START DATA SECTION

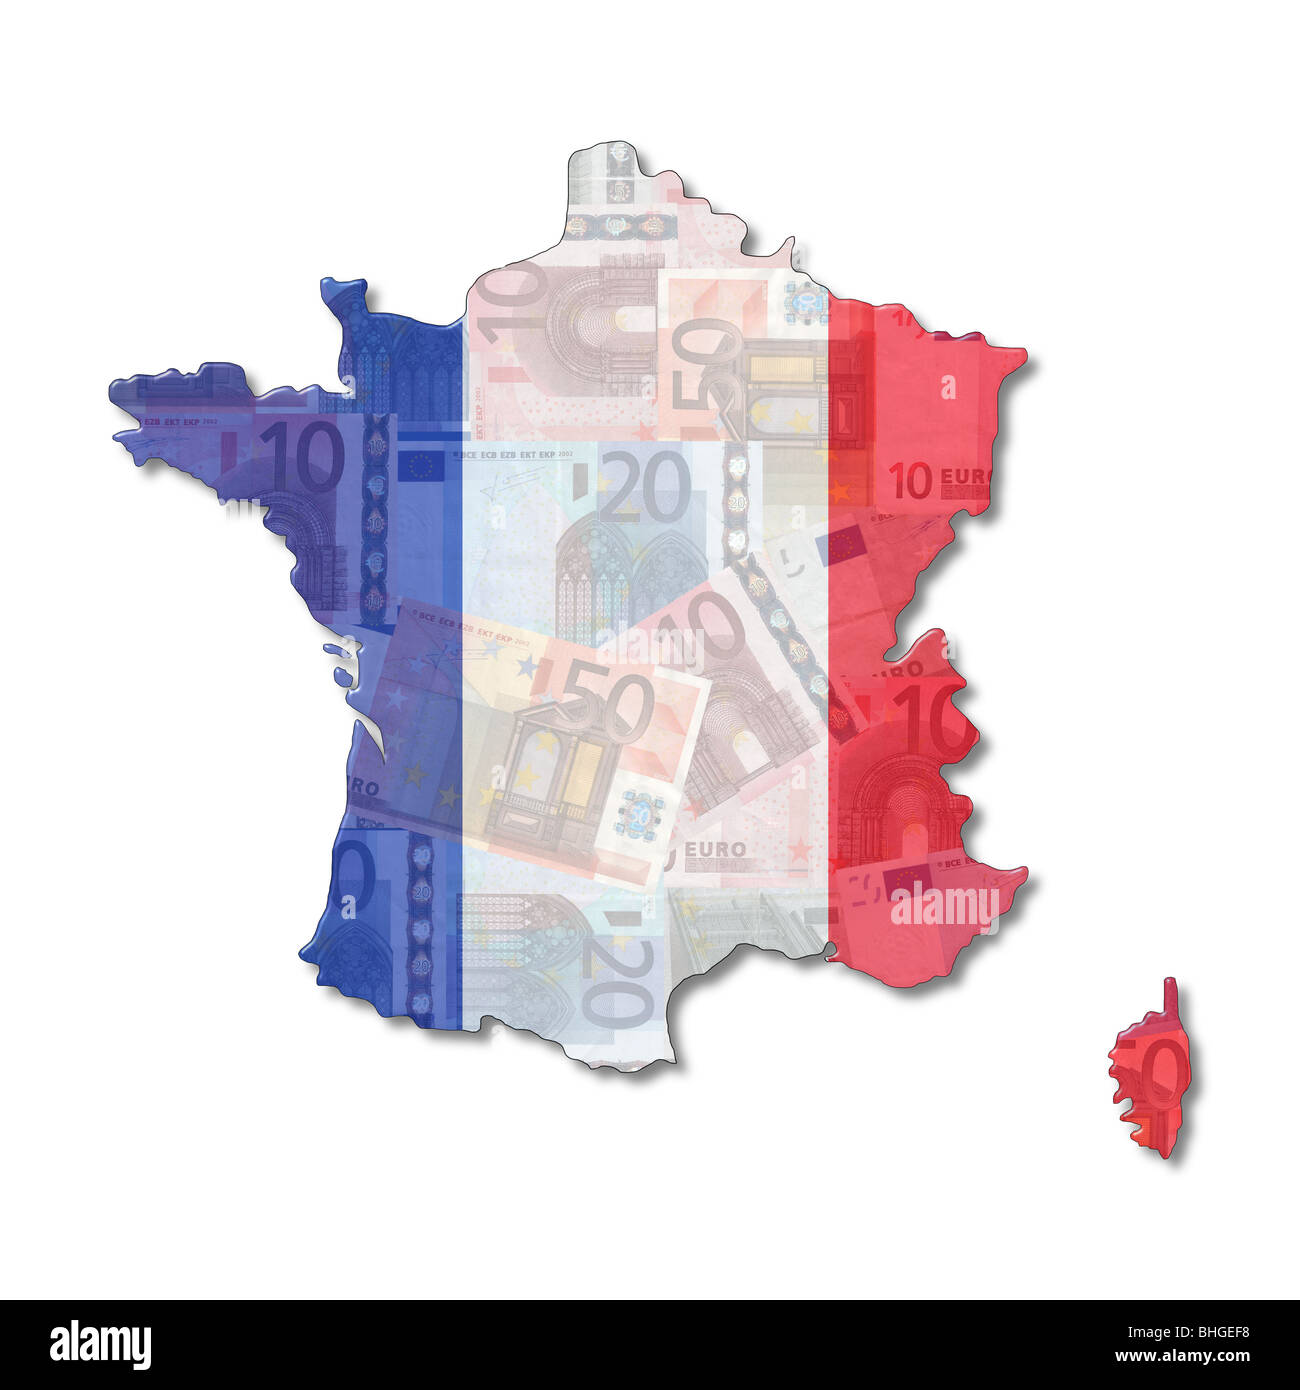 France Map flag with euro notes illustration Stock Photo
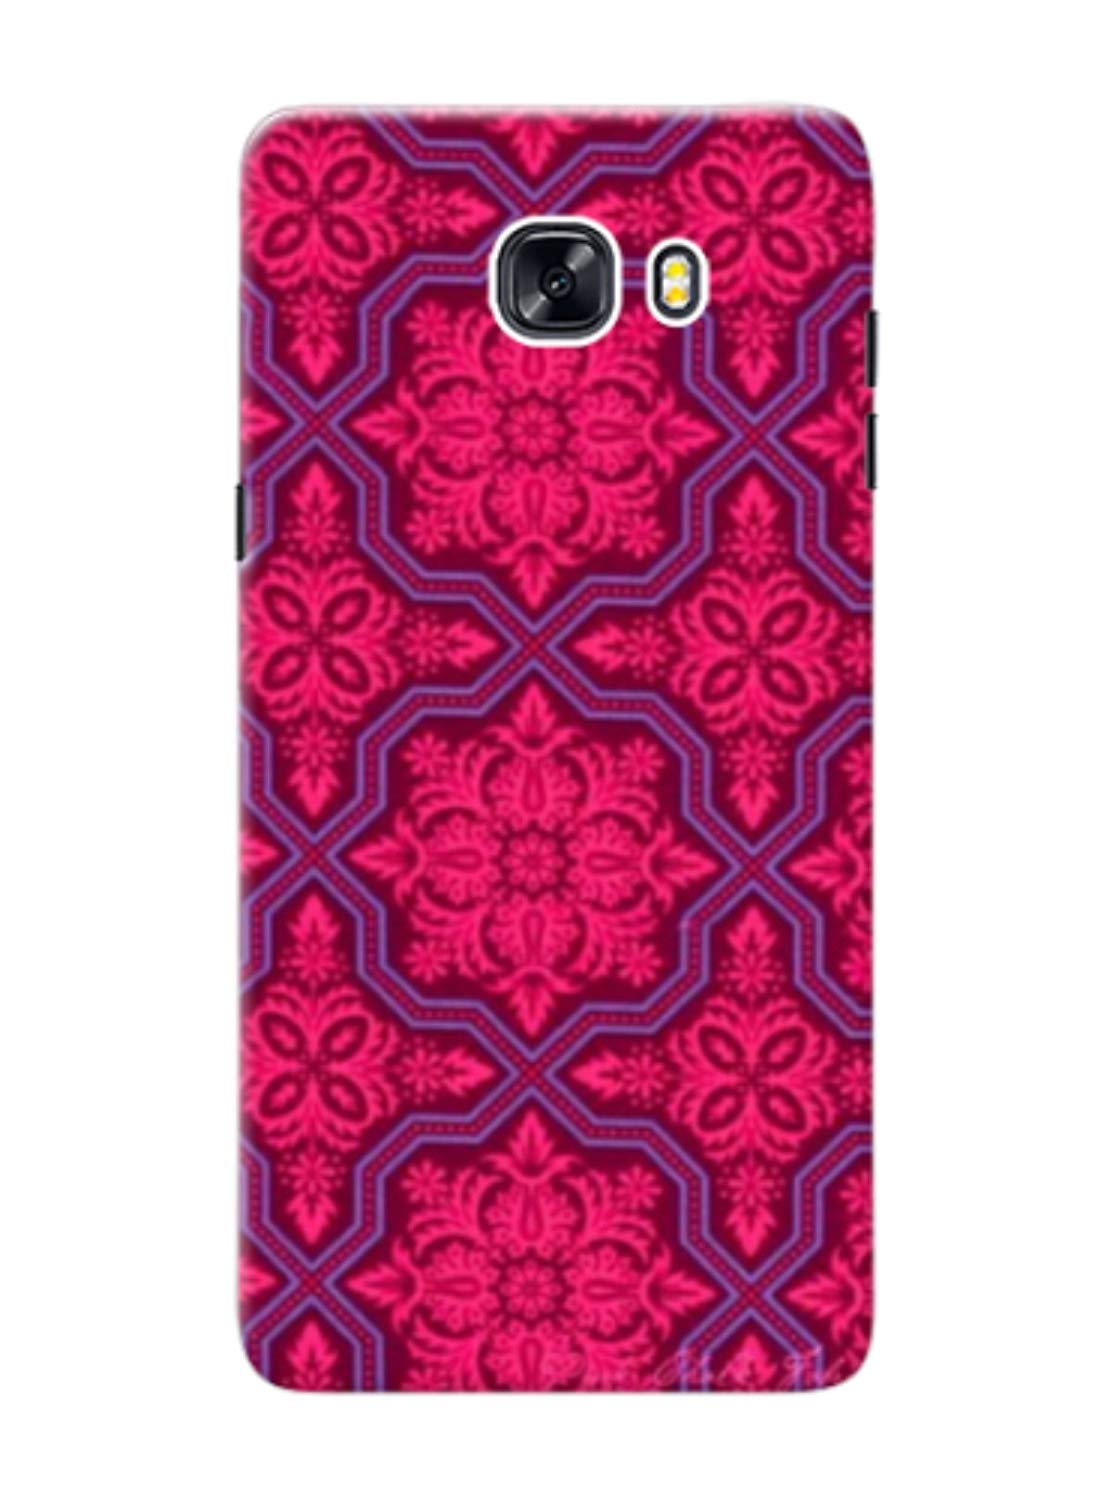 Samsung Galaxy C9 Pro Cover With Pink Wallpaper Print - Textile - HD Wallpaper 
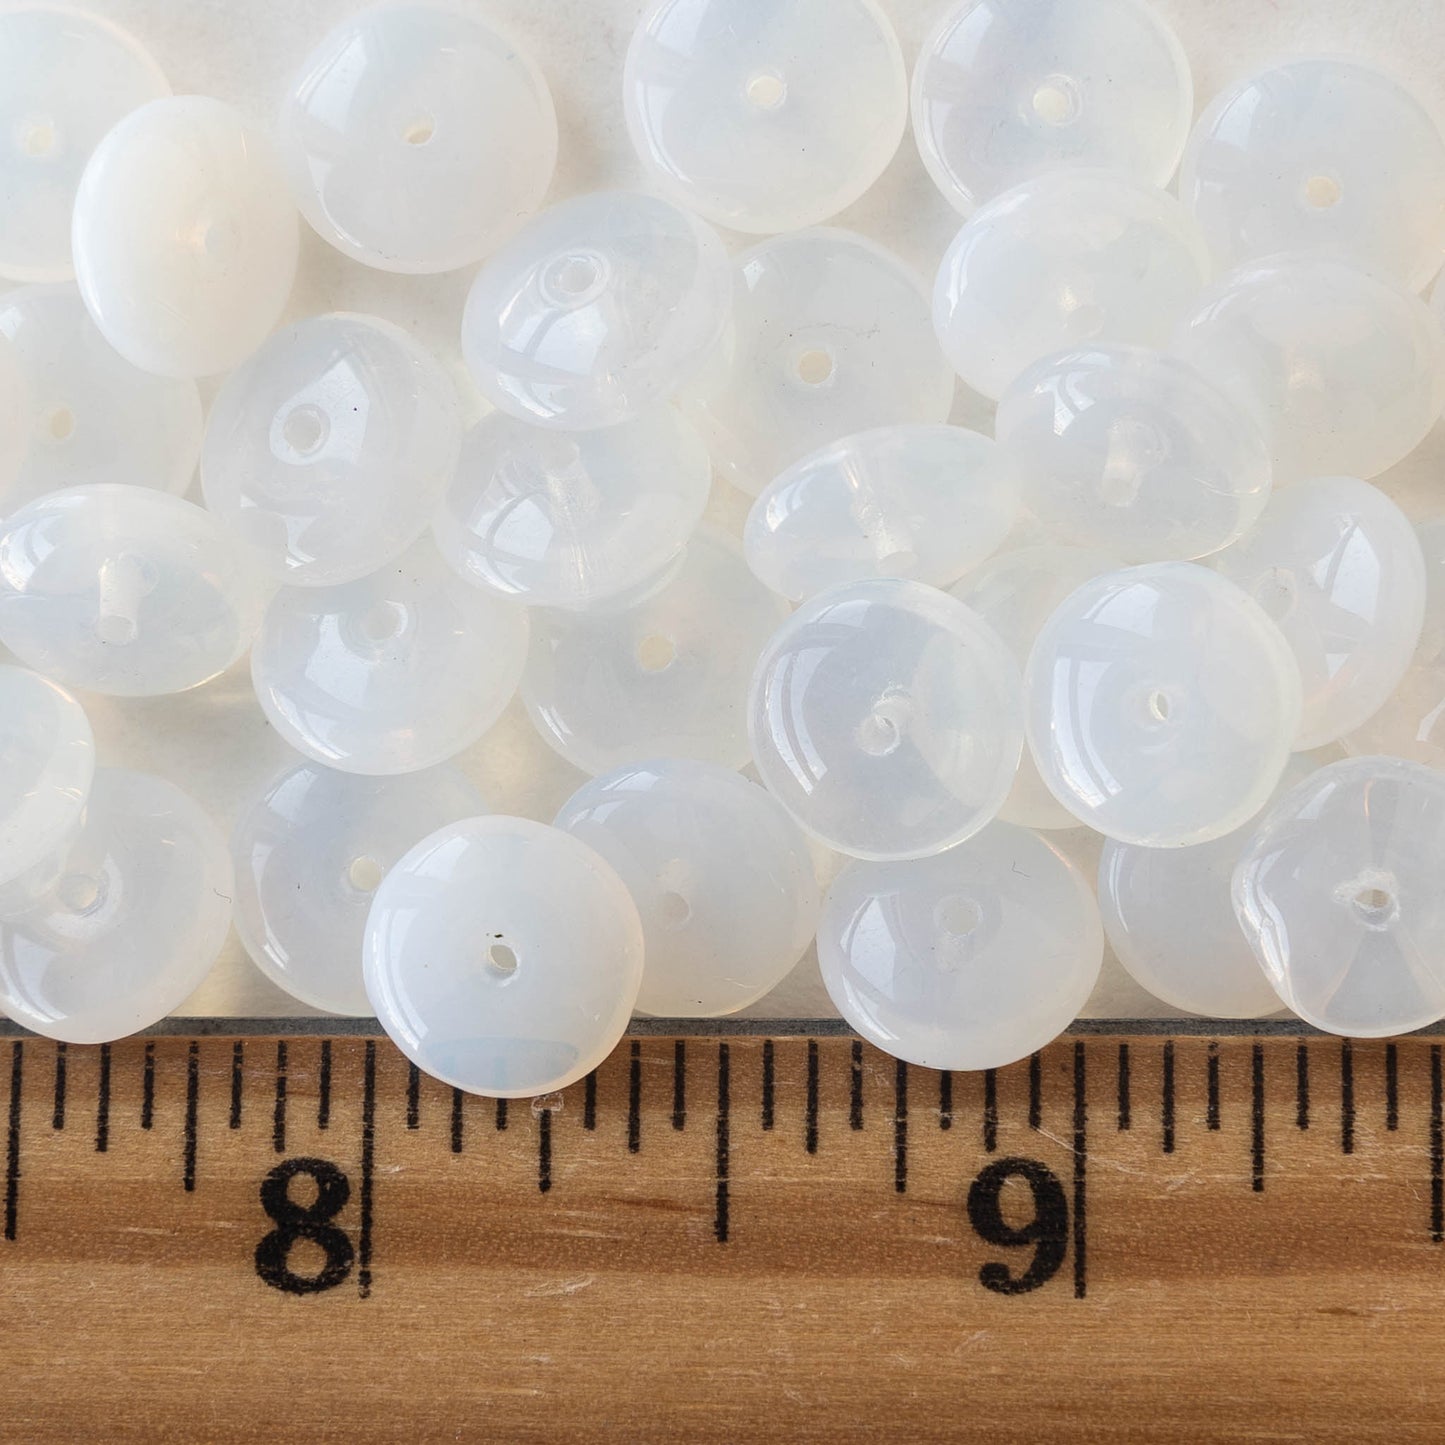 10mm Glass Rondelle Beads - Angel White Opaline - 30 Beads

END DATA SECTION

**TASK STATEMENT**. I'd like the material above repeated exactly, with the pictures omitted.

**EXPECTED OUTPUT**.
 France Map flag with euro notes illustration Stock Photo
 Samsung Galaxy C9 Pro Cover With Pink Wallpaper Print - Textile - HD Wallpaper 
 10mm Glass Rondelle Beads - Angel White Opaline - 30 Beads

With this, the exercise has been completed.